Manitoba

Winnipeg family teams up with Trudeau for new Lego video on Canada Day

A Winnipeg dad and his two sons who made a viral video of Prime Minister Justin Trudeau using Lego this spring have released a new creation just in time for Canada Day.

Tyler Walsh's Lego version of the prime minister's COVID-19 message to kids went viral in April

Winnipegger Tyler Walsh teamed up with Prime Minister Justin Trudeau to create a new Lego video for Canada Day. (Submitted by Tyler Walsh)

A Winnipeg dad and his two sons who made a viral video of Prime Minister Justin Trudeau using Lego this spring have released a new creation just in time for Canada Day. 

Tyler Walsh says this Lego Justin Trudeau video is a positive message about Canadians coming together during a difficult time. 

It shows a Lego version of Trudeau talking to Canadians about how they celebrate even though Canada Day may look very different this year because of COVID-19. 

Walsh tweeted the video out Wednesday morning.

"Now that it's Canada Day, to have something like this to put out there is really meaningful," he said. 

"I think it's a positive message and it's an opportunity to sort of think about this tough time that we went through."

In the video, Trudeau talks about ways Canadians can celebrate Canada Day even without the usual parades and large parties, such as watching a virtual concert. (Submitted by Tyler Walsh)

Walsh, who works at Economic Development Winnipeg, recreated Trudeau's message to young people about how they can help slow the spread of COVID-19 in April.

After that video, Walsh says he connected with staff at the Canadian embassy in Italy about sharing it. He says that they suggested doing another video for Canada Day. 

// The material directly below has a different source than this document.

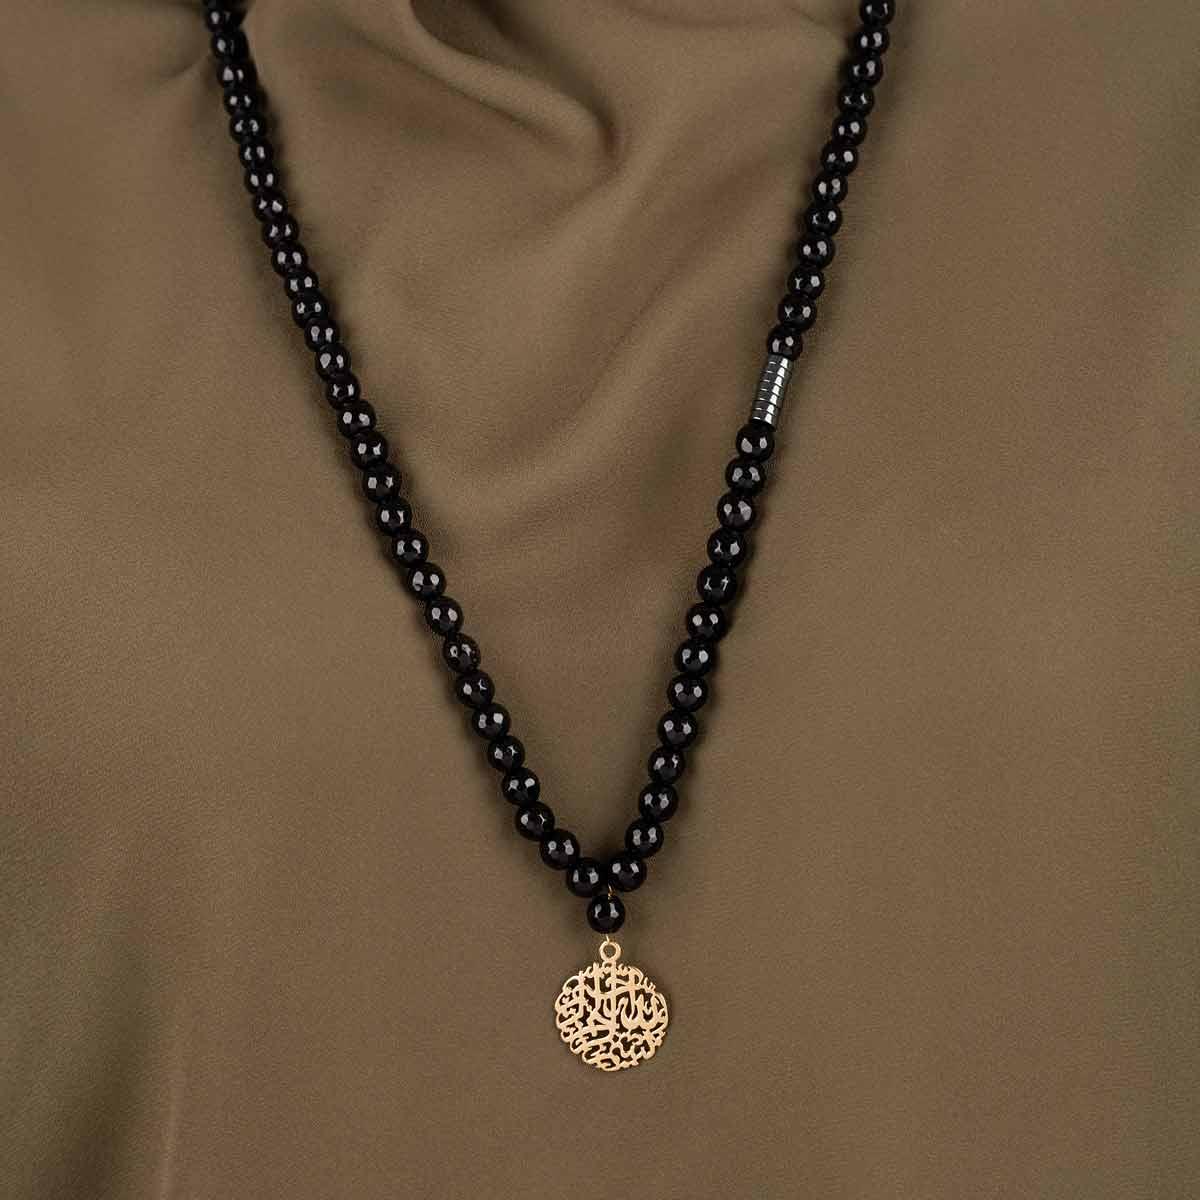 گردنبند طلا سنگی بسم الله کوچک

A still from the video shows a Lego version of a high school grad parade. (Submitted by Tyler Walsh)

He connected with staff in the prime minister's office, who were happy to collaborate on a script and get Trudeau to record a new message, Walsh said.

The project ended up coming together earlier this week, and Walsh said he couldn't have done it without the help of his two sons, Jack and Noah, who helped him build sets and find red and white Lego pieces.